- **Task instructions**: From the line containing "Radhanath Swami Quote" to the final line of the listing, restate each line word for word and add nothing.

-------- Exercise materials --------

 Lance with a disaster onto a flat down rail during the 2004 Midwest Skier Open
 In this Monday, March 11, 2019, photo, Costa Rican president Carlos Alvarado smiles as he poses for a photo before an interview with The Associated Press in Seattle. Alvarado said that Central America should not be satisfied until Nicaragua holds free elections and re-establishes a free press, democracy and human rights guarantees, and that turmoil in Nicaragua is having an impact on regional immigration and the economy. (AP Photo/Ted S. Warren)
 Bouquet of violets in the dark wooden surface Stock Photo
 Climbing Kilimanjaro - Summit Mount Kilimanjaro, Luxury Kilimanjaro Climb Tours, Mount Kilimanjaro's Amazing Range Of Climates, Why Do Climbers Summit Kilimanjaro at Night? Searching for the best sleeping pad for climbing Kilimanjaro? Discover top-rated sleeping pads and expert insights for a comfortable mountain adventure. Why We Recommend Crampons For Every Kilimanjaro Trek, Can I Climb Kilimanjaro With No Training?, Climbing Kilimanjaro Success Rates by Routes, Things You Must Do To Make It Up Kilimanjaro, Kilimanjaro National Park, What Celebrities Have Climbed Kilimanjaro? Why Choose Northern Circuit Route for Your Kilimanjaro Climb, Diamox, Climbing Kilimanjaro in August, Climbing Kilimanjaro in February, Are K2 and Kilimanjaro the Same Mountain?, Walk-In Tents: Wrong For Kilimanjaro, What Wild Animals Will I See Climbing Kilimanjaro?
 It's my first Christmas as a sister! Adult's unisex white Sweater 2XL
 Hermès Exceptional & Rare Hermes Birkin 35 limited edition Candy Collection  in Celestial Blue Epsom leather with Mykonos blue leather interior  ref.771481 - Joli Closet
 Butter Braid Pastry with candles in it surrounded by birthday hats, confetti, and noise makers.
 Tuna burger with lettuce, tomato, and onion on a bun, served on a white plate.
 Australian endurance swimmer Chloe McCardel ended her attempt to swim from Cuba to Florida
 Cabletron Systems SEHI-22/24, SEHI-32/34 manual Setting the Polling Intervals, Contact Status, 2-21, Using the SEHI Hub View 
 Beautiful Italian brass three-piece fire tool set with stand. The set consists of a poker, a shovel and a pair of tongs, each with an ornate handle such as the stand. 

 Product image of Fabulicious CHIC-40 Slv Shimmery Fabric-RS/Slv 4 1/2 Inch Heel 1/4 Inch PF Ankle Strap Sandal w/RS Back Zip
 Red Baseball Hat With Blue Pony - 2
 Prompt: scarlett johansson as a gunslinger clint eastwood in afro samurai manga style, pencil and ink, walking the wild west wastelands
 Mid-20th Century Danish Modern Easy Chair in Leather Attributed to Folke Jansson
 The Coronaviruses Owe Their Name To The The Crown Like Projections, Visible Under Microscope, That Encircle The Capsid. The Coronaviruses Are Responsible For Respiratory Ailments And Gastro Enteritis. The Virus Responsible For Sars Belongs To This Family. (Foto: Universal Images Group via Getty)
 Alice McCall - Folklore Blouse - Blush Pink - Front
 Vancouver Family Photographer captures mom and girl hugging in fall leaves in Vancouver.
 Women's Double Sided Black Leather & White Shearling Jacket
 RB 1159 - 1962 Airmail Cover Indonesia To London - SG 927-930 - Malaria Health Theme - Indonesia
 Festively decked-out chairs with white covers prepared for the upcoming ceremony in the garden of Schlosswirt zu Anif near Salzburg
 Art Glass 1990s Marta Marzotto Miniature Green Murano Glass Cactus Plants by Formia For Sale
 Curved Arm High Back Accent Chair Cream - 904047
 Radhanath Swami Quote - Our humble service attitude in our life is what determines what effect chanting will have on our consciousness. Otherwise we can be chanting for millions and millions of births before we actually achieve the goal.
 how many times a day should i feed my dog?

--------

- **Your solution**:
 Radhanath Swami Quote - Our humble service attitude in our life is what determines what effect chanting will have on our consciousness. Otherwise we can be chanting for millions and millions of births before we actually achieve the goal.
 how many times a day should i feed my dog?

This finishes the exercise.